PROJECT SUMMARY/ABSTRACT In the embryonic lung, the bronchial tree is sculpted by a process known as branching morphogenesis. Defects in branching can cause a variety of congenital malformations, such as pulmonary hypoplasia, which compromises respiratory function due to decreased lung growth. Several of these defects are caused by changes in the mechanical environment of the fetal lung, but it remains unclear how physical cues in the tissue microenvironment direct the formation of the bronchial tree. Dynamic, quantitative studies of branching morphogenesis are needed to unravel the regulatory role of mechanical forces during lung development. We hypothesize that airway branching is driven by a mechanical feedback mechanism, in which patterns of mechanical stress regulate the patterns of epithelial proliferation that sculpt the developing airways. To test this hypothesis, we will use novel experimental platforms that allow us to control and quantify the mechanical stresses within the embryonic airway epithelium. We recently developed a novel three-dimensional (3D) traction force microscopy (TFM) assay for cultured embryonic organ explants, as well as a microfluidic system to apply controlled fluid pressures to intact embryonic mouse lungs. These techniques will be combined with dynamic studies of cell proliferation and fibroblast growth factor (FGF) signaling, as well as a novel computational model of airway branching morphogenesis, to determine how physical cues regulate the growth and remodeling of the embryonic lung. In Aim 1, we will determine how mechanical stress regulates patterns of proliferation in isolated airway epithelial explants. Then, in Aim 2, we will use whole lung explant culture to uncover how mechanical forces interact with FGFs to direct both normal and hypoplastic branching phenotypes. Achieving these aims will help identify new therapeutic targets for diseases, such as congenital diaphragmatic hernia, where airway branching morphogenesis and lung growth are severely impaired. These results will also help guide pulmonary tissue engineers in their efforts to recapitulate aspects of embryonic development in the laboratory to construct engineered lung tissue.
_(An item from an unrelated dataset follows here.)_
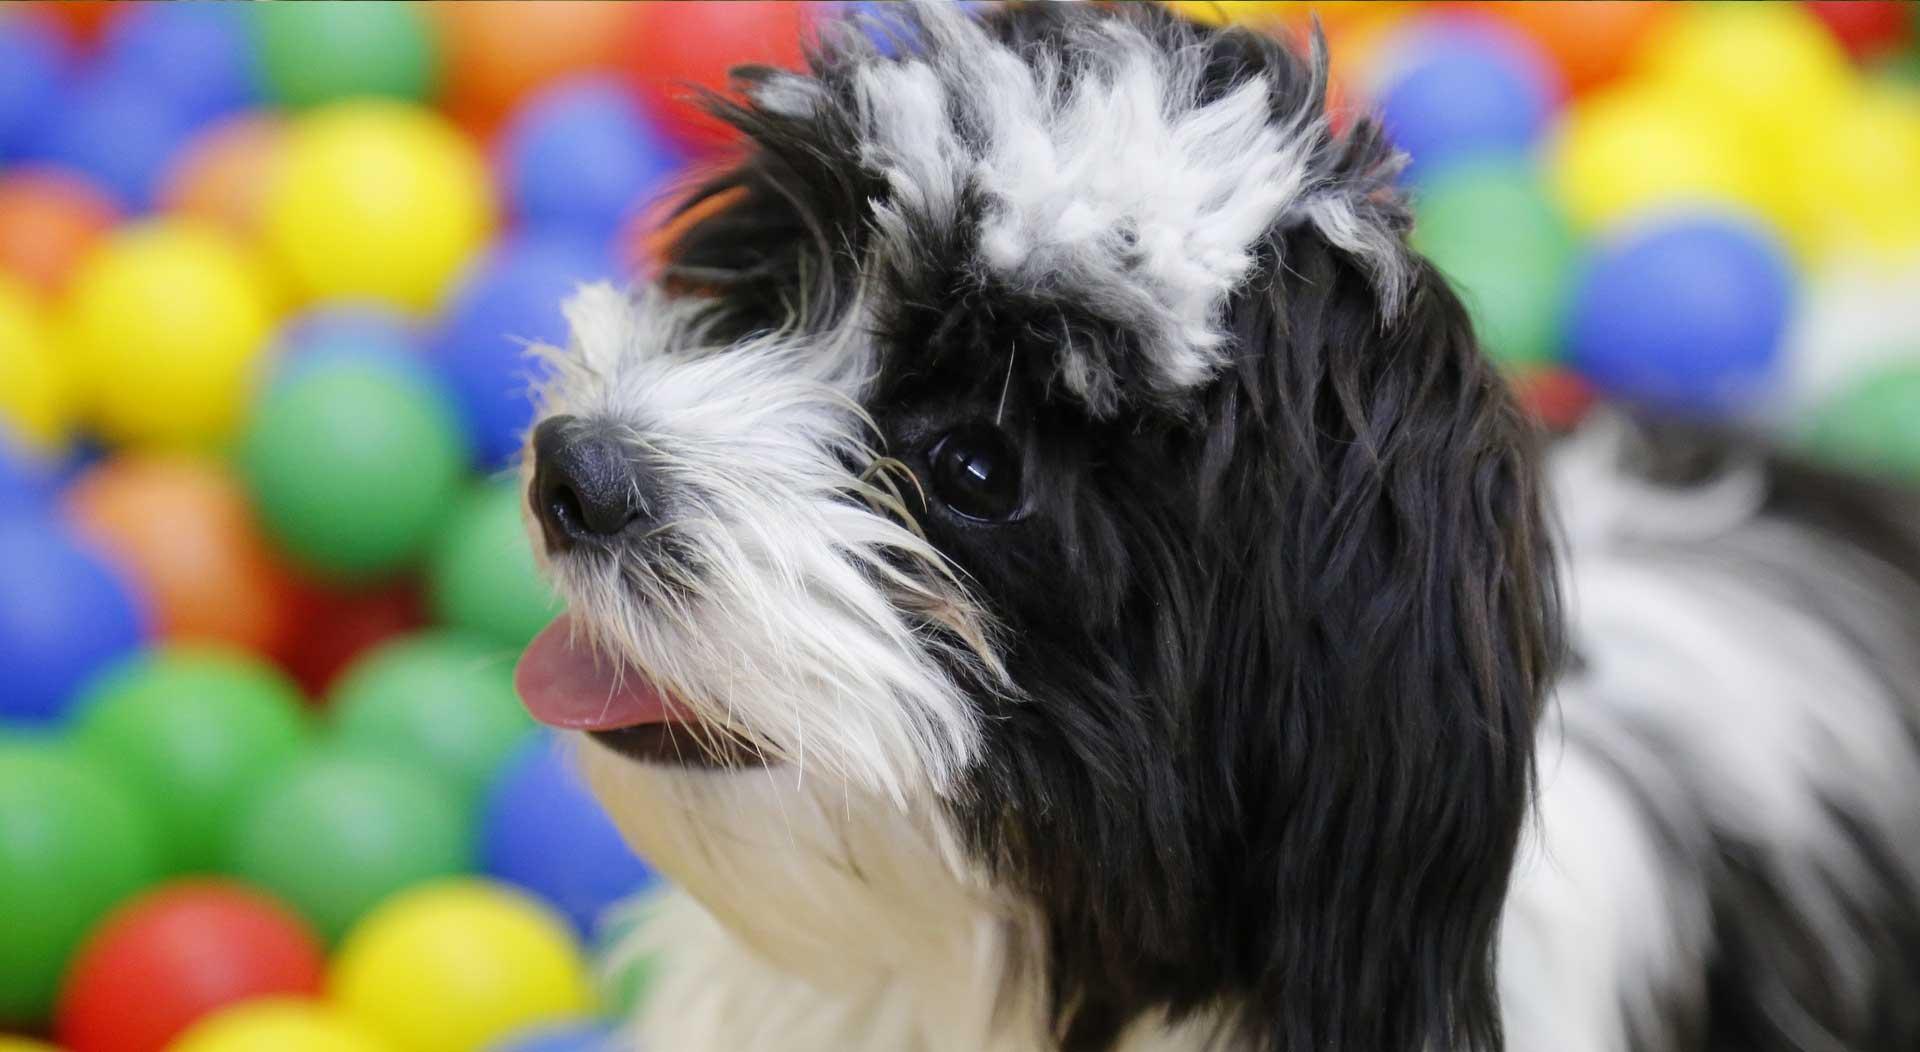 Dog daycare in Windsor
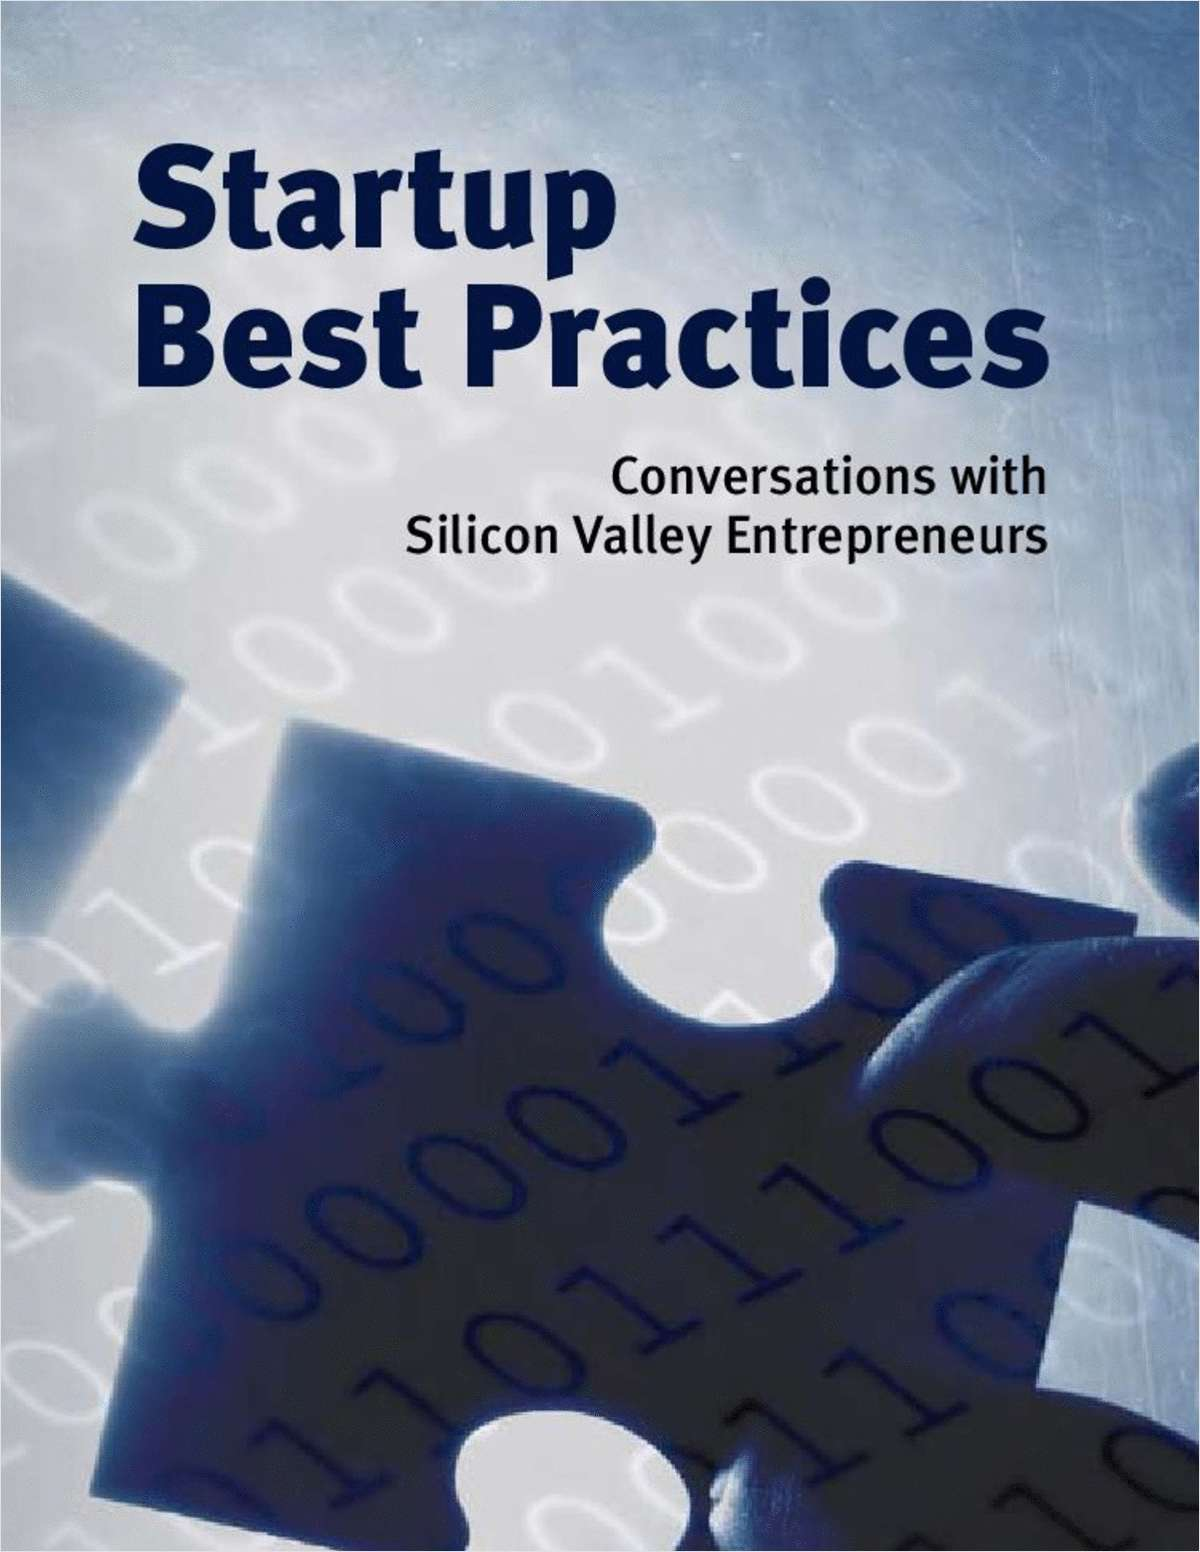 Startup Best Practices from 15 Serial Entrepreneurs

项目概要/摘要 在胚胎肺中，支气管树是通过称为分支形态发生的过程塑造的。缺陷 分支可引起多种先天畸形，如肺发育不全， 由于肺部生长减少而损害呼吸功能。其中一些缺陷是由 胎儿肺部的机械环境发生了变化，但仍不清楚组织中的物理信号如何变化 微环境直接指导支气管树的形成。分支的动态、定量研究 需要形态发生来揭示机械力在肺发育过程中的调节作用。我们 假设气道分支是由机械反馈机制驱动的，其中模式 机械应力调节上皮增殖模式，塑造发育中的气道。 为了检验这个假设，我们将使用新颖的实验平台来控制和量化 胚胎气道上皮内的机械应力。我们最近开发了一种新颖的三维 (3D) 培养胚胎器官外植体的牵引力显微镜 (TFM) 测定以及微流体 系统将受控流体压力施加到完整的胚胎小鼠肺部。这些技术将被结合起来 细胞增殖和成纤维细胞生长因子 (FGF) 信号传导的动态研究，以及一种新颖的 气道分支形态发生的计算模型，以确定物理线索如何调节生长 以及胚胎肺的重塑。在目标 1 中，我们将确定机械应力如何调节 离体气道上皮外植体中的增殖。然后，在目标 2 中，我们将使用全肺外植体培养来 揭示机械力如何与 FGF 相互作用以指导正常和发育不全的分支 表型。实现这些目标将有助于确定疾病的新治疗靶点，例如先天性 膈疝，气道分支形态发生和肺部生长严重受损。这些 结果还将有助于指导肺组织工程师努力重述胚胎的各个方面 在实验室中开发构建工程肺组织。